On to Branson, MO we went. Since I hate tourist spots, I got in touch with a friend, some of you may know him from WoW or Second Life Under the name Eolly or Scylloga or Ryan69 Odetts. We met up and he treated me to dinner, introduced me to his adorable daughter and nephew, and we headed out, per his daughters suggestion, to the Branson Landing, a cool "City Walk" type place with shops and hotels and docks along the lake. We got there just in time to check out the Fountain Show, Water and Fire. A little while later, he had to get the kids to bed, so after a brief tour of Branson, I was back at my hotel.

The storm we were hoping for in Kansas on Saturday, our last day with this group, wasn't going to materialize. We were in position to head through Kansas anyway. So the next morning we started to head out of Missouri into Kansas. We just happened to stumble on a small community west of Carl Junction, MO while traveling down County Route YY that appeared to have recently been hit by a tornado (we discovered later that it hit on May 8th, 2009 by a Squall Line followed by a Wake Low).
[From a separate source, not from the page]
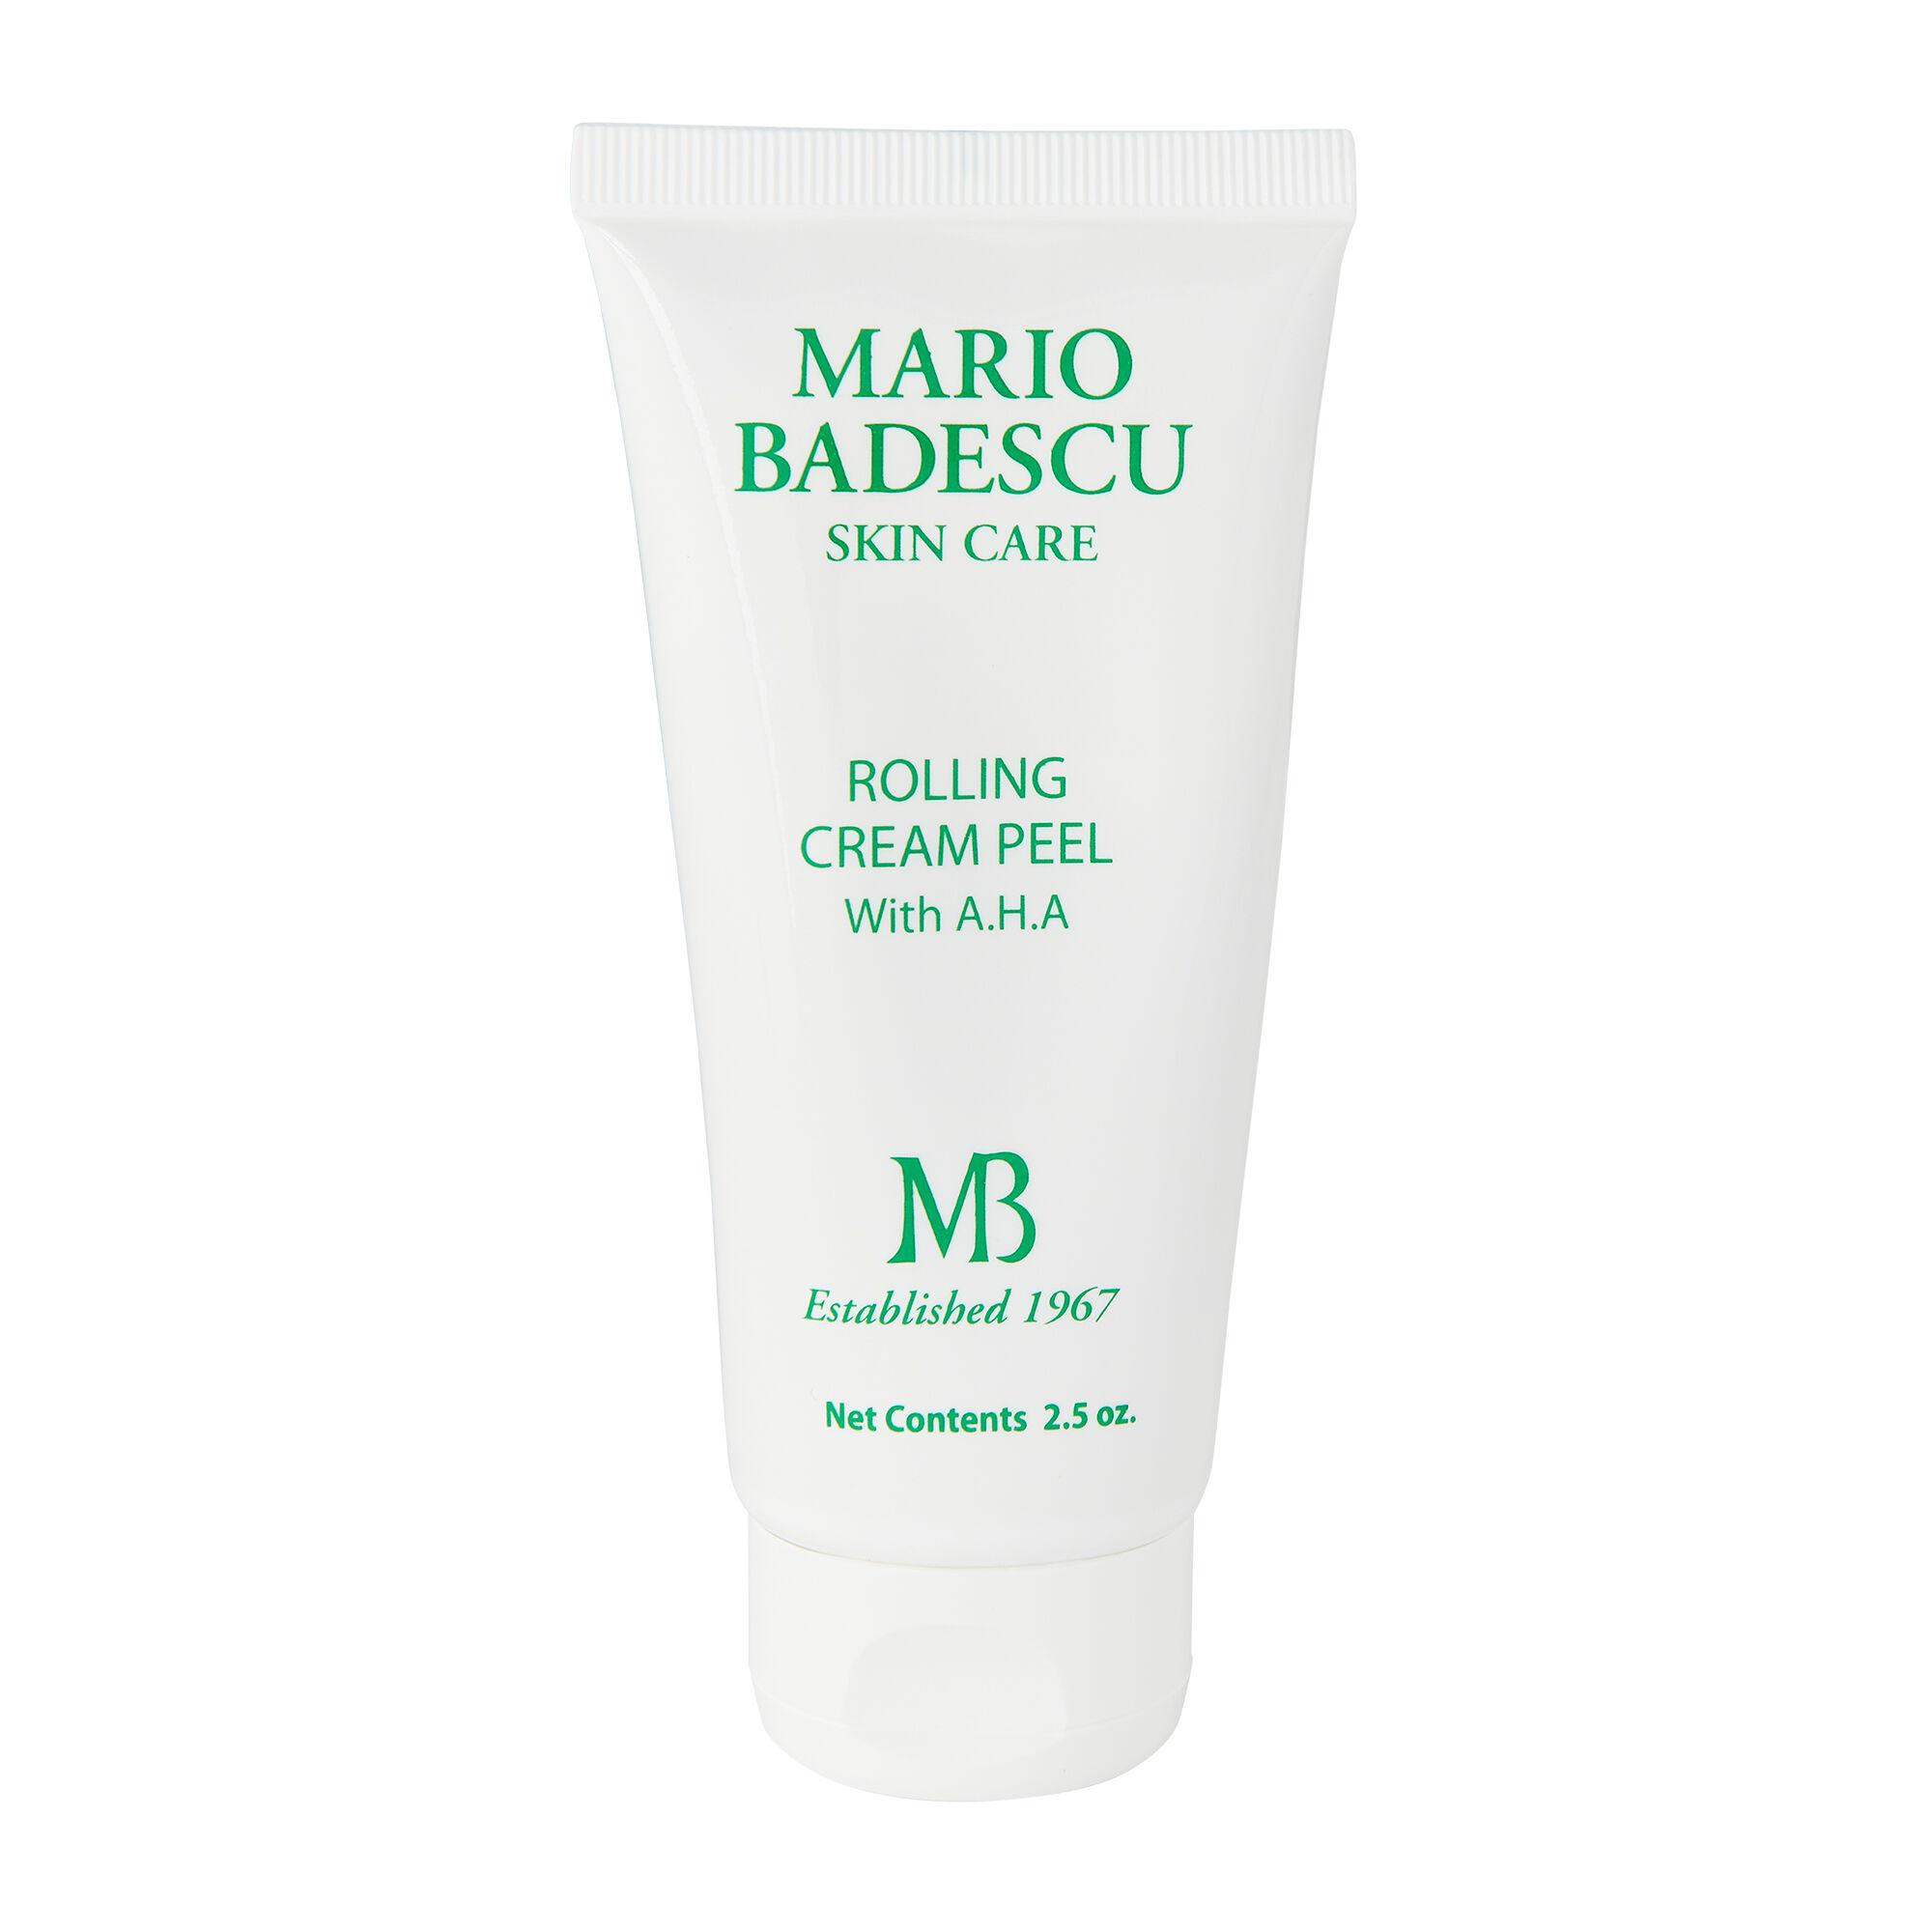 Mario Badescu Rolling Cream Peel With AHA 73ml

Almost every house we passed showed signs of damage, with blue tarps covering gaping holes in most every house. We saw about perhaps 4 houses that were completely exploded with fresh debris and fallen trees everywhere. At the border of Kansas, as we stepped out for our photo opportunities, I was exploring some brush and downed trees and I discovered the cover of a bible. It was a bright color and reasonable clean, so it hadn't been there long, but the pages were torn out clean. I looked for an inscription to see if the owners name was on it, but I couldn't so I left it be. The houses, trees and debris, although not from a tornado, was a sobering look into the power of what we were chasing. It certainly tuned me into the reality of what severe weather and mother nature could do.

We head through Kansas on the way back to Oklahoma City. We stopped at Big Brutus, a 160 foot giant whose dipper held 150 tons worth of earth, enough to fill 3 full railroad cars. We saw it on the horizon miles before we arrived, and it was freakin ridiculous huge.

We also talked to a local and found out that last year was a record breaker for tornadoes, around 180 twisters ripped through Kansas in 2008 alone. This year was also a record breaker, but for the extreme opposite reason. For the locals, it was good news. For the chasers like us and scientists like Vortex II, it meant we had to head back to Oklahoma City after spending a full week in tornado alley only seeing one minor storm.

While I am happy the locals escaped the destruction that goes along with a tornado, I am disappointed that we didn't see anything on my first week of tornado chasing. And I am sad the clients did not see any either. However, out of 9 clients on this tour, 7 of them have already booked for next year. Hopefully, I will be able to join them as well because once you catch the bug, you follow it. So I hope I will be on the chase again next year.

But we have to get through next weeks chase first...

View Larger Map

Here is a Rough Map of our travels the last week. While the destinations are correct, the routes are possibly dramatically different as we stopped all over at roadside attractions and opted for more scenic, rural areas. For viewability, not all diversions are mapped. Total actual mileage was 1950 miles for the week from Oklahoma City to Oklahoma City.